Senin, 14 Mei 2012

Yunani, Turki, dan Takdir UE


Yunani, Turki, dan Takdir UE
Ahmad Erani Yustika ;  Guru besar Fakultas Ekonomi dan Bisnis
Universitas Brawijaya; Direktur Eksekutif Indef
SUMBER :  JAWA POS, 14 Mei 2012



PAGI, 4 April 2012, seorang kakek berusia 77 tahun menembak kepalanya di area Gedung Parlemen Athena, Yunani. Dia terlilit utang dan sudah tidak tahan menghadapi situasi ekonomi Yunani yang kian memburuk. Dengan uang pensiun hanya 300 euro (Rp 3,6 juta) sebulan, kakek tersebut merasa tidak mungkin menanggung beban hidup lagi. Peristiwa itulah yang kemudian memicu demonstrasi besar-besaran esoknya di Athena dan menandai hari-hari serbagelap di Yunani.
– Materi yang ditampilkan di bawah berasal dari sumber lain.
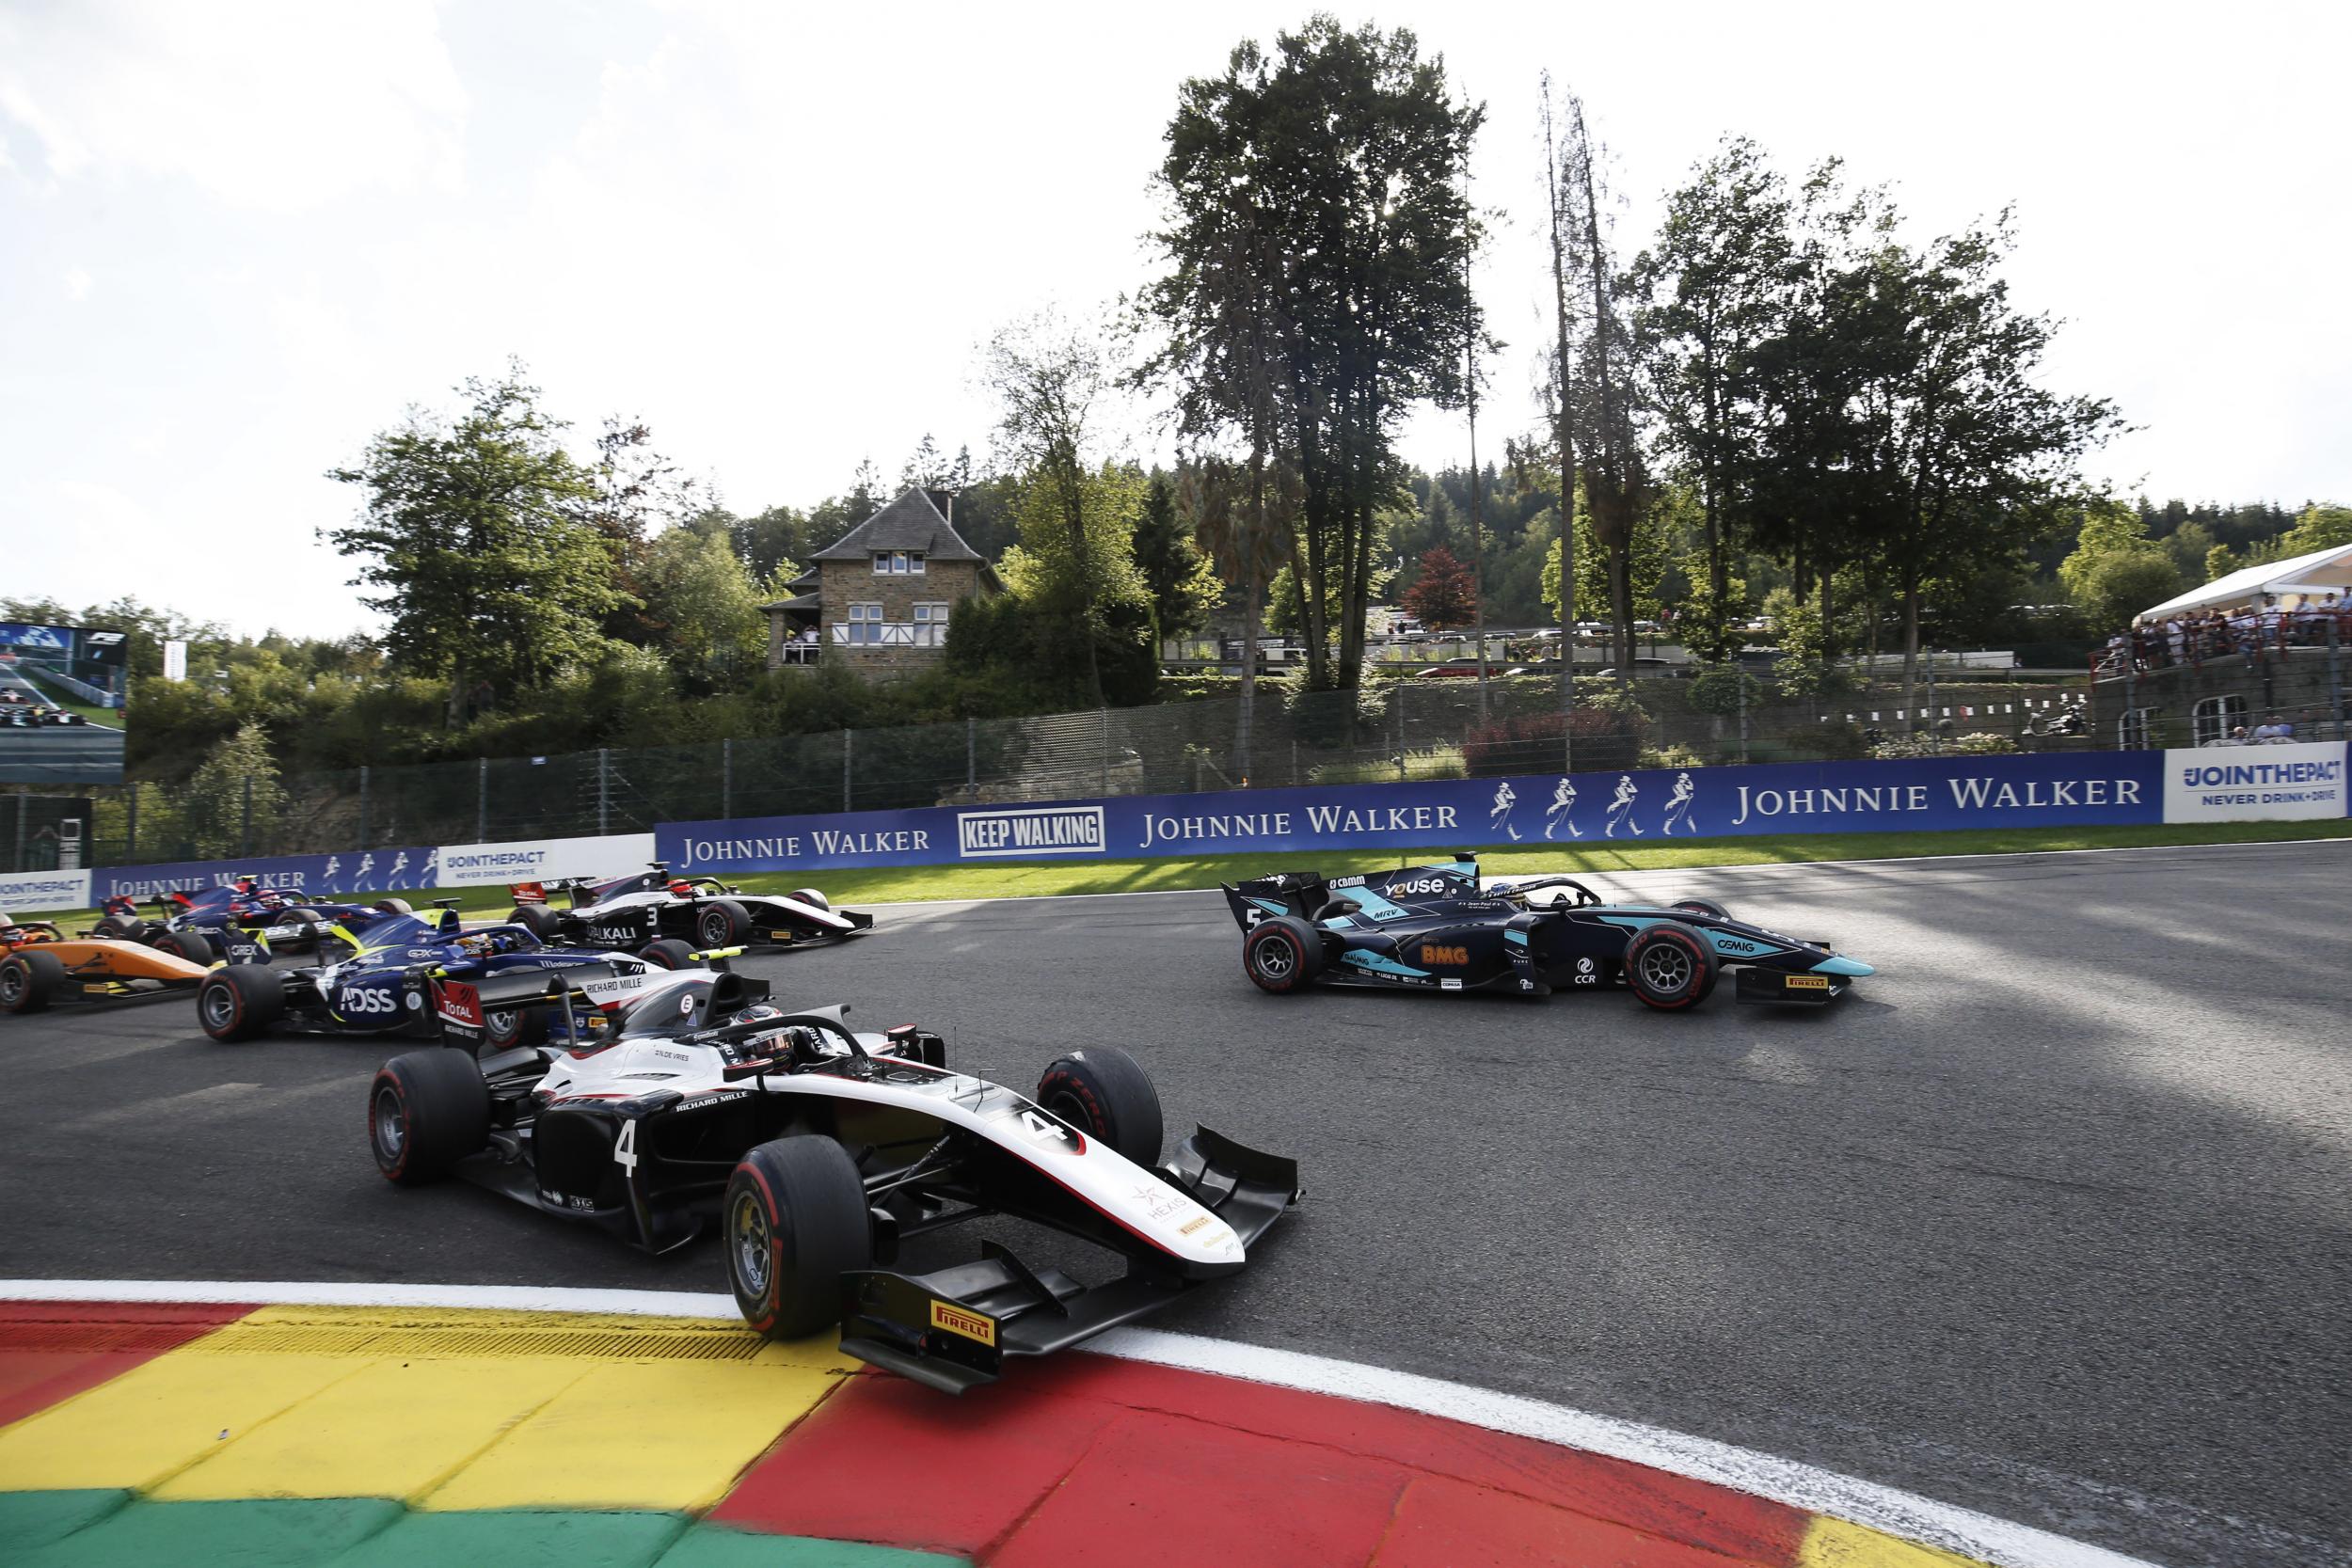 The F2 feature race at Belgium was cancelled as a result of the crash

Celakanya, pemilu yang digelar tidak memunculkan satu pun partai mayoritas, sedangkan koalisi yang berspektrum luas tidak mudah dibangun. Tampaknya, pemilu akan dilaksanakan ulang, tapi hasil yang penuh ketidakpastian masih menyelimuti negara tersebut. Lebih dramatis, bila nanti yang menjadi penguasa baru Yunani berasal dari partai oposisi kiri (leftish), sikap politik mereka adalah merekomendasikan keluar dari UE (Uni Eropa) dan ingin menentukan masa depan sendiri.

Bila Yunani Keluar dari UE

Sampai akhir 2011, kinerja ekonomi Yunani dapat diterangkan sebagai berikut. Pertumbuhan ekonomi minus 6,9 persen; rasio utang 145 persen terhadap GDP; defisit anggaran 10,6 persen terhadap PDB; dan inflasi 3 persen (Bloomberg, 2011).

Dalam beberapa aspek, situasi Yunani tersebut masih lebih baik ketimbang Indonesia pada megakrisis ekonomi/moneter 1998. Saat itu, pertumbuhan ekonomi Indonesia anjlok menjadi minus 13,1 persen; inflasi melesat 77,6 persen; dan rasio utang terhadap PDB sekitar 89 persen. Pada level tertentu, penderitaan yang dialami Indonesia lebih parah daripada Yunani saat sekarang.

Sungguh pun begitu, memang disadari, tidak lantas mudah bagi Yunani untuk memulihkan ekonominya karena di balik itu banyak jebakan yang mengintip. Misalnya, tanggungan anggaran untuk membayar gaji pensiun mencapai 12 persen dari PDB. Dari sisi itu saja, bisa dibayangkan berapa anggaran yang harus disisihkan cuma untuk membayar uang pensiun abdi negaranya.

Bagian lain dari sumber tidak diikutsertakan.